Unlike the majority of the other examples that will feature here, the major risk to your security and your privacy is you. In fact, Facebook’s previous discrepancies have made the site one of the safest social networks around and, according to website Zonealarm [and presented via theatlantic.com], Facebook ranks above such sites as Twitter and LinkedIn. So it is up to you. If you want to remain private [or, you know, as private as you can be on a social site like Facebook] then go and do the work to change your account settings, stop friends or friends of friends being able to view your photos and ramp up the difficulty for those trying to perv on you across cyber space, because you’ve only yourself to blame otherwise.

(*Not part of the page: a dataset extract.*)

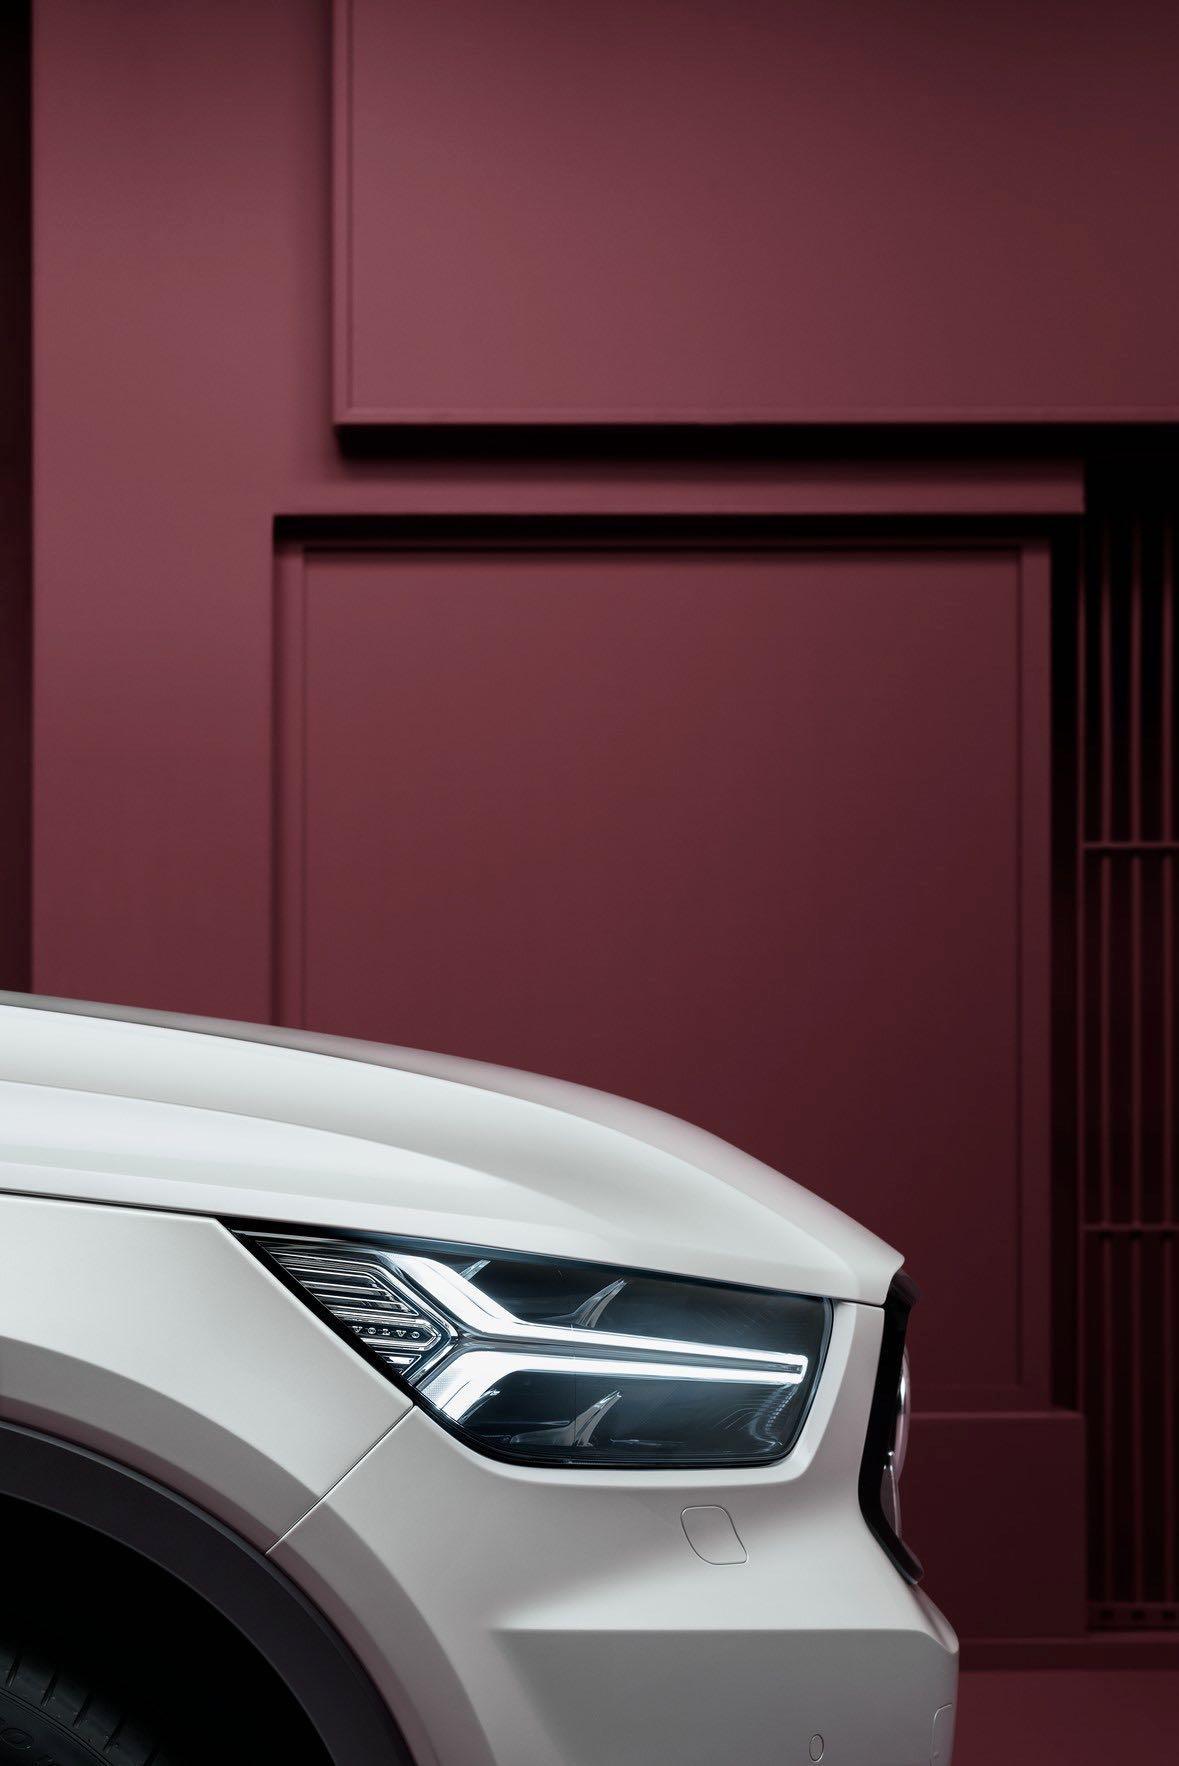 New Volvo XC40 Exterior Detail -  2017, 2018, 2018 New XC40, Design, Detail, Exterior, New XC40

But it’s not just at your desktop where you are at risk, no. Now that humanity has decided that the ‘everything machine,’ or ‘the internet’ as most sane people call it, needs to be everywhere we go and permeate all things we do, nowhere is safe.
Sony, maker of the second best video-games console ever the PlayStation 2 [for those wondering it comes just below the Sega MegaDrive, which ranks among the greatest ever human inventions. Don’t agree? Well, you’re wrong], has had its far share of ‘security issues’ when the company [in various guises] felt the full wrath of online hackers. To get to the start of this story, however, we only have to go back as far as spring.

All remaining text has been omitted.